Penelope A. Hancock, Scott A. Ritchie, Constantianus J.M. Koenraadt, Thomas W. Scott, Ary A. Hoffmann, Charles Godfray

Research output: Contribution to journalArticleAcademicpeer-review

Abstract

A promising strategy for reducing the transmission of dengue and other arboviral human diseases by Aedes aegypti mosquito vector populations involves field introductions of the endosymbiotic bacteria Wolbachia. Wolbachia infections inhibit viral transmission by the mosquito, and can spread between mosquito hosts to reach high frequencies in the vector population. Wolbachia spreads by maternal transmission, and spread dynamics can be variable and highly dependent on natural mosquito population dynamics, population structure and fitness components. We develop a mathematical model of an A. aegypti metapopulation that incorporates empirically validated relationships describing density-dependent mosquito fitness components. We assume that density dependent relationships differ across subpopulations, and construct heterogeneous landscapes for which model-predicted patterns of variation in mosquito abundance and demography approximate those observed in field populations. We then simulate Wolbachia release strategies similar to that used in field trials. We show that our model can produce rates of spatial spread of Wolbachia similar to those observed following field releases. We then investigate how different types of spatio-temporal variation in mosquito habitat, as well as different fitness costs incurred by Wolbachia on the mosquito host, influence predicted spread rates. We find that fitness costs reduce spread rates more strongly when the habitat landscape varies temporally due to stochastic and seasonal processes.
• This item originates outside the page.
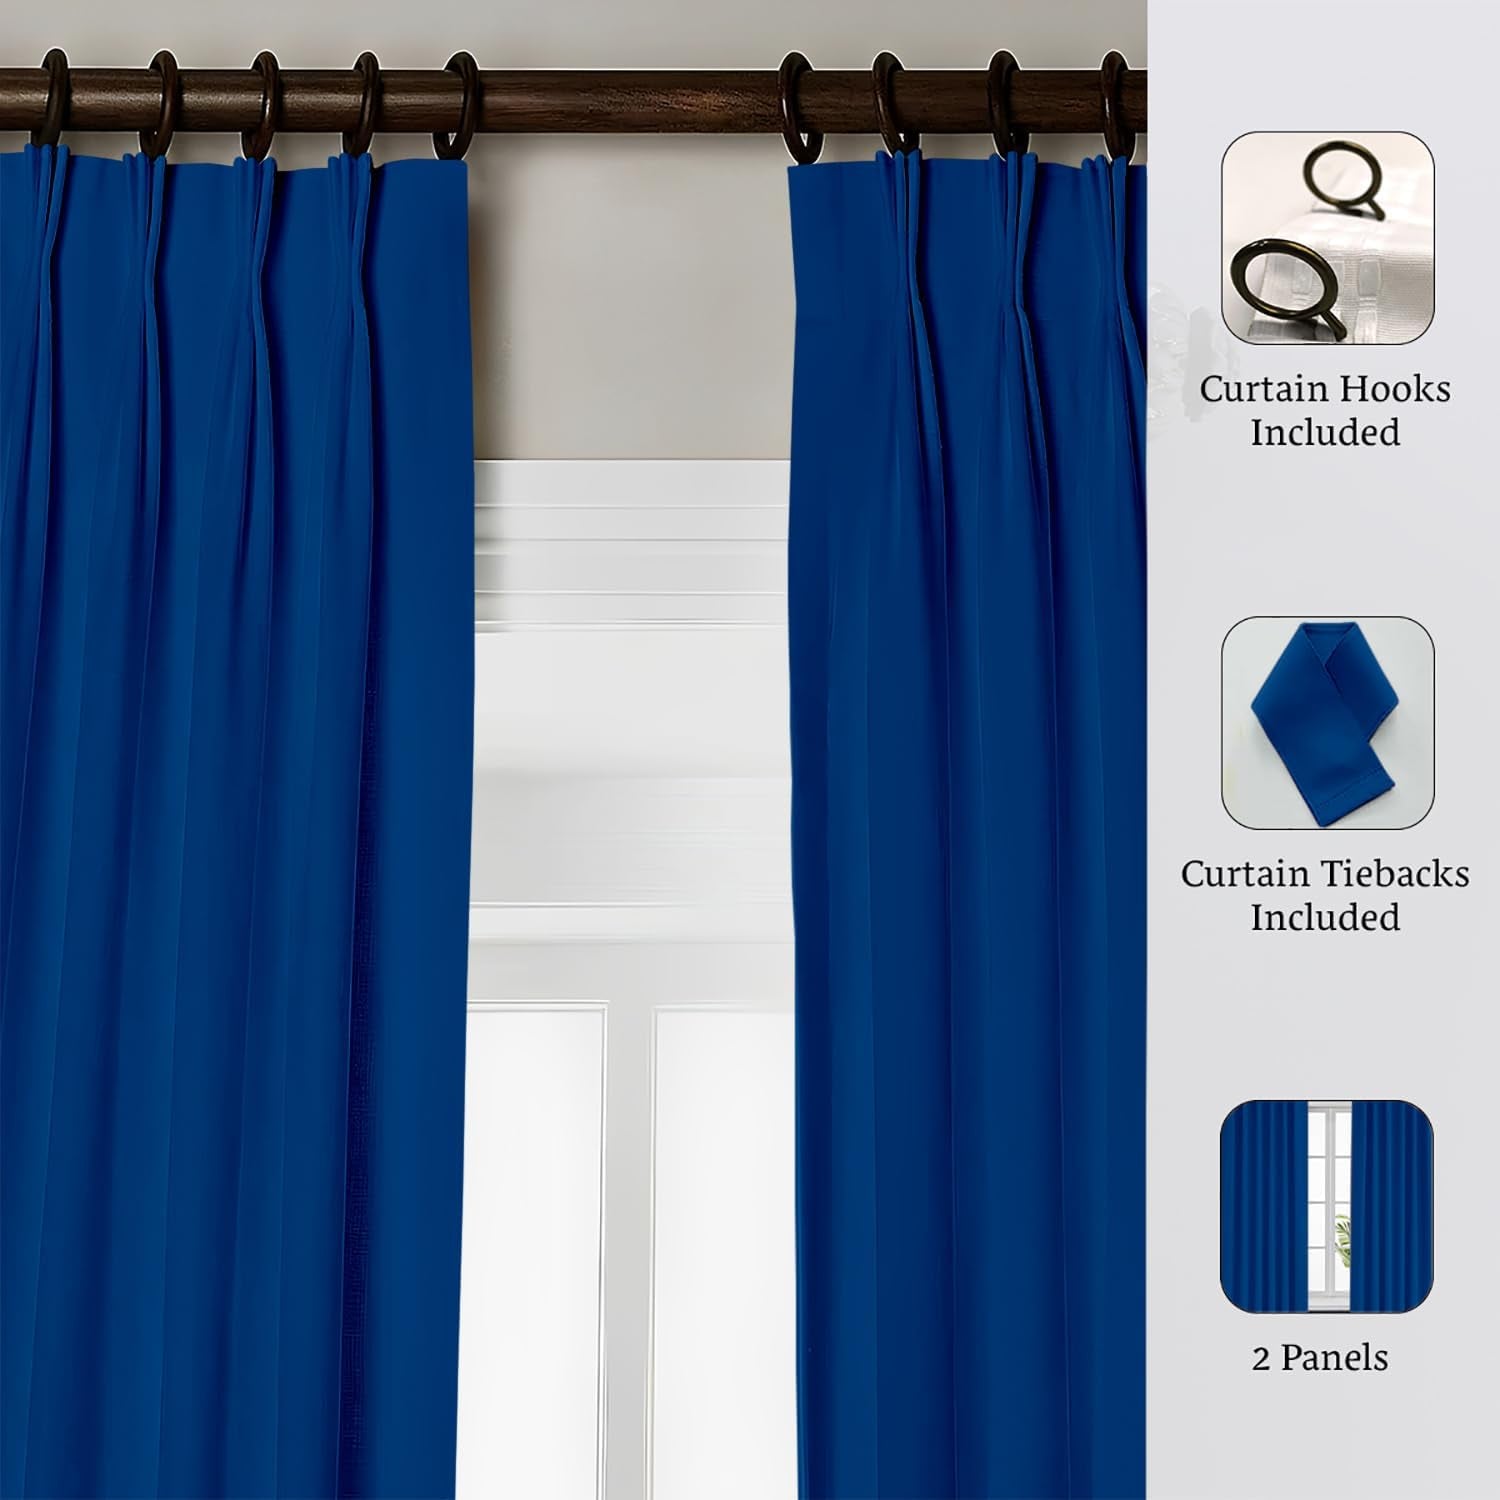 Magic Drapes Pinch Pleated Curtains Triple Pinch Pleat Drapes with Tiebacks & Hooks Blackout Thermal Room Darkening Window Curtains for Living Room, Bedroom, Hall W(26"+26") L45 (2 Panels, Royal Blue)  Magic Drapes

Synthesis and applications: Our empirically based modelling approach represents effects of environmental heterogeneity on the spatial spread of Wolbachia. The models can assist in interpreting observed spread patterns following field releases and in designing suitable release strategies for targeting spatially heterogeneous vector populations.

Original languageEnglish
Pages (from-to)1674-1686
JournalJournal of Applied Ecology
Volume56
Issue number7
DOIs
Publication statusPublished - Jul 2019

Fingerprint

mosquito
fitness
infection
habitat
metapopulation
subpopulation
demography
cost
targeting
population structure
population dynamics
temporal variation
bacterium
modeling
rate

Keywords

  • arbovirus
  • dengue
  • gene drive
  • spatial spread
  • wAlbB
  • wMel
  • wMelPop
  • Zika

Cite this

Hancock, Penelope A. ; Ritchie, Scott A. ; Koenraadt, Constantianus J.M. ; Scott, Thomas W. ; Hoffmann, Ary A. ; Godfray, Charles. / Predicting the spatial dynamics of Wolbachia infections in Aedes aegypti arbovirus vector populations in heterogeneous landscapes. In: Journal of Applied Ecology. 2019 ; Vol. 56, No. 7. pp. 1674-1686.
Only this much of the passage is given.